Gratwanderung der Frauen im Kabarett

Die Damen werden von den Herren liebevoll umrahmt (v.l.): Oliver Vogt, Heike Ronniger, Marion Bach, Christoph Deckbar, Frank Voigtmann. Foto: P. Gercke

Die Damen werden von den Herren liebevoll umrahmt (v.l.): Oliver Vogt, Heike Ronniger, Marion Bach, Christoph Deckbar, Frank Voigtmann. Foto: P. Gercke

„DIE kaufen wir uns“ heißt das dritte Programm des Doppels Marion Bach und Heike Ronniger in der Zwickmühle. Premiere ist am 17. Oktober.
Frauen können politisch. Zuhause. Ihre Meinung haben. Doch auf der Bühne? Im Kabarett? Ist wenig Weibliches zu entde-
cken. Und das bisschen Ladies Night wurde nach dem Erfolg im dritten öffentlich-rechtlichen Fernsehen ins Erste geholt – und Richtung Mitternacht verschoben.

Anders in Magdeburg. In der Zwickmühle bringen Marion Bach und Heike Ronniger ihr nunmehr drittes Programm auf die Bühne. „Unsere Quotenfrauen“, nennt Kabarettchef Hans-Günther Pölitz sie augenzwinkernd. „Und wir haben unseren Quotenmann“, kontert Marion Bach. Der besetzt den Platz links außen – am Klavier. Im Wechsel wird das Frauen-Duo begleitet von den Musikern Oliver Vogt und Christoph Deckbar. Und die haben sogar ab und an etwas zu sagen. „Für Manches brauchen wir einen Mann“, meint die Bach dazu: „Und seien es nur blöde Einwürfe.“
Frauen machen anders Kabarett als Männer. Nicht weniger gut, betont Zwickmühlenchef Hans-Günther Pölitz. Aber eben anders. Sie bringen andere Facetten ein, andere Ansichten, andere Darstellungen. Frauen machen sich ungern zum Deppen, weiß Pölitz. Doch Kabarett brauche immer einen Dummen.

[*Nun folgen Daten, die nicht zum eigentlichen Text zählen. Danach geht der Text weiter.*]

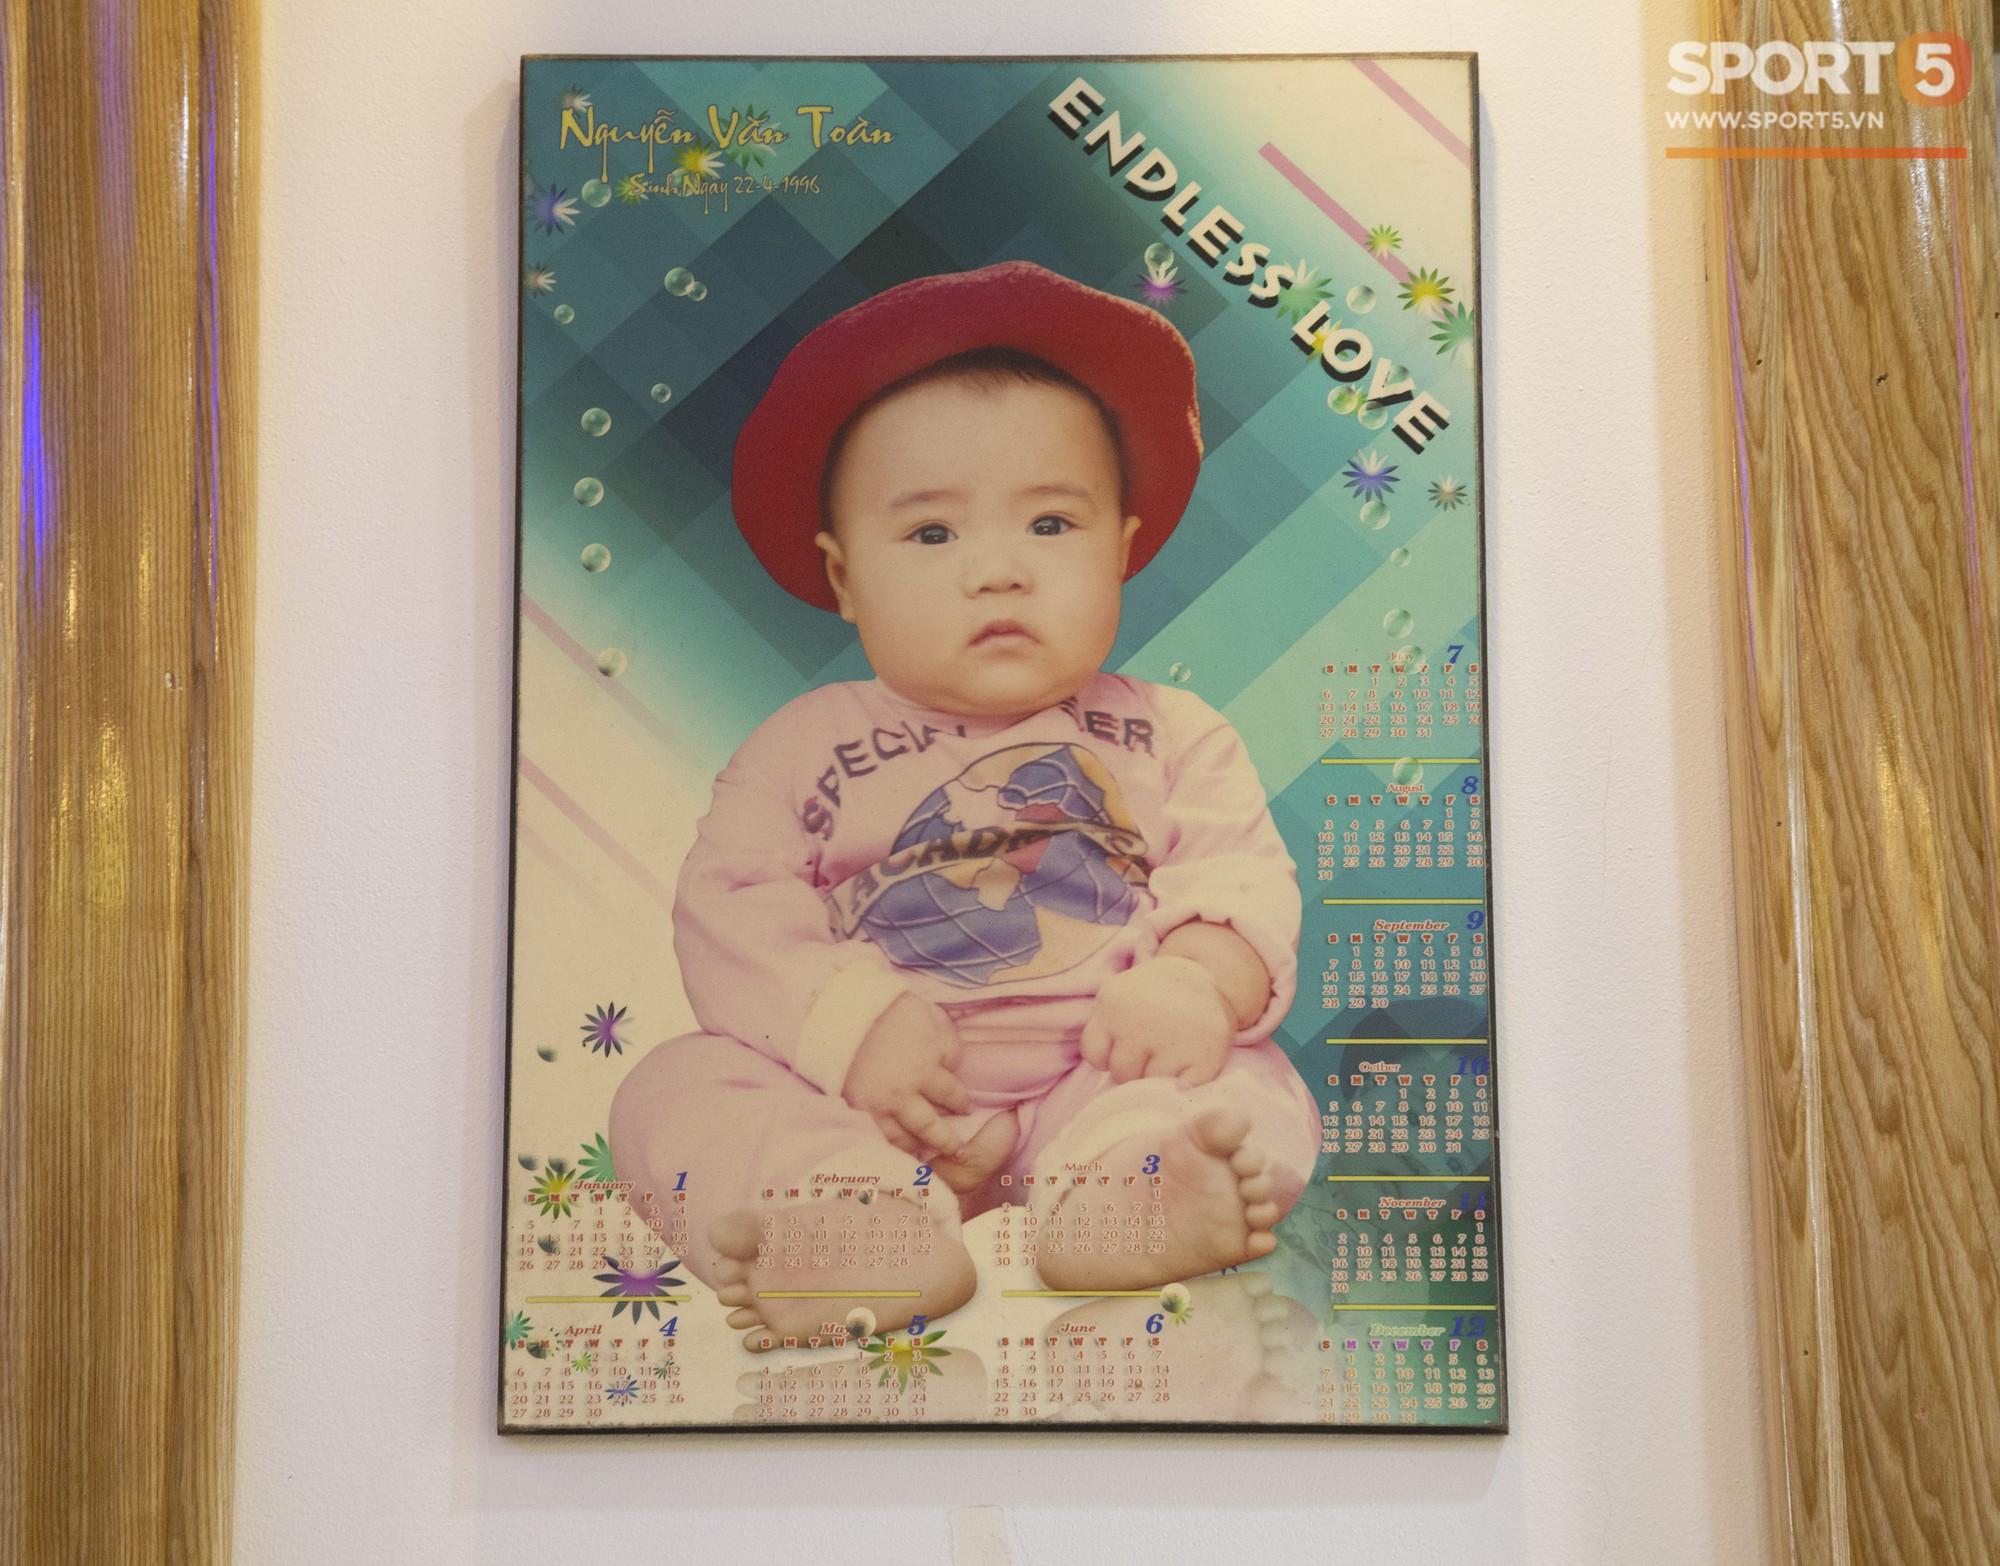 Các fan Big Bang lại được dịp yêu Văn Toàn hơn nữa khi nhìn thấy thứ này trong phòng ngủ của anh - Ảnh 10.

Ein Mann bekommt dafür reichlich Lacher. Herricht & Preil sind legendäre Musterbeispiele. Für Frauen ist das eine Gradwanderung. Sie werden schnell mit einem „Die ist aber blöd“ abgetan. Auch macht es einen Unterschied, ob Frauen allein oder mit einem Mann auf der Bühne agieren. Hans-Günther Pölitz: „Sie können Dinge machen und sagen, da wäre bei uns sofort die Gleichstellungsbeauftragte zur Stelle.“ Marion Bach: „Wir Frauen gehen leichter miteinander um, da gibt es mehr Vertrautheit.“ Mit Heike Ronniger ist sie seit langem befreundet. „Wir verstehen uns auch ohne Worte.“ Außerdem passen die beiden auch optisch gut zusammen, erklären sie. „Wie Legosteine“, so Bach, „ihr Hintern passt genau in mein Hohlkreuz“. Sie können witzig. Und politisch. In Kombination. Dazu noch musikalisch! Das verspricht beste Kabarett-Unterhaltung. Mit zwei Programmen hatten sie auf der Zwickmühlen-Bühne bereits Erfolg. Allerdings war der Start nicht hindernisfrei: Anfangs kamen vor allem Frauen. Was vielleicht auch am Titel lag. „Damenwahl“ war jedoch alles andere als seichtes Geblödel zum Kaffeekränzchen. Mit „Ausgebucht für eine Macht“ holten sie den G8-Gipfel in die Börde. Und Männer ins Publikum. Jetzt bringen sie erneut ein Nummernprogramm auf die Bühne. „Das macht es möglich, auf das aktuelle  Tagesgeschehen schneller und flexibler zu reagieren“, erklärt Regisseur Frank Voigtmann. Heike Ronniger verrät: „Die griechische Tragödie wurde schon zweimal umgeschrieben.“ Wird es tragisch? „Nein. Das ist ja die Kunst beim Kabarett – lachen, worüber man weinen sollte“, antwortet Marion Bach.
Im neuen Kabarettprogramm erklären Bach und Ronniger die Welt. Natürlich. Aus Frauensicht. Bei aller Politik spielen sie dabei auch mit Klischees. Frauen kaufen gern. Ein. Sich was. Diese beiden wären aber keine Kabarettistinnen, wenn es nicht weit darüber hinausginge. Die kaufen sich auch mal einen Politiker. Oder eine Meinung. Oder gleich zur Verkündigung ein ganzes Medium. Worum es sonst noch geht? Darauf hat Marion Bach einen Reim gemacht:
Die Wirtschaft jongliert,
die Bank wird saniert.
Der Reiche kassiert,
der Arme erfriert.
Die Regierung taktiert,
der Wandel stagniert.
Das Geld wird hofiert,
das Denken kastriert.
Ein Feindbild kreiert,
bis der Hass dann marschiert.
Die Werbung traktiert,
der Käufer pariert.
Dem Volk wird serviert,
dass alles floriert.
Wer so uns an der Nase rumführt,
zu denen sagen wir ungeniert,
egal ob sie heißen Hinz oder Kunz:
„DIE kaufen wir uns“.
Frauenkabarett ist eben auch in ihrer Bewerbung anders.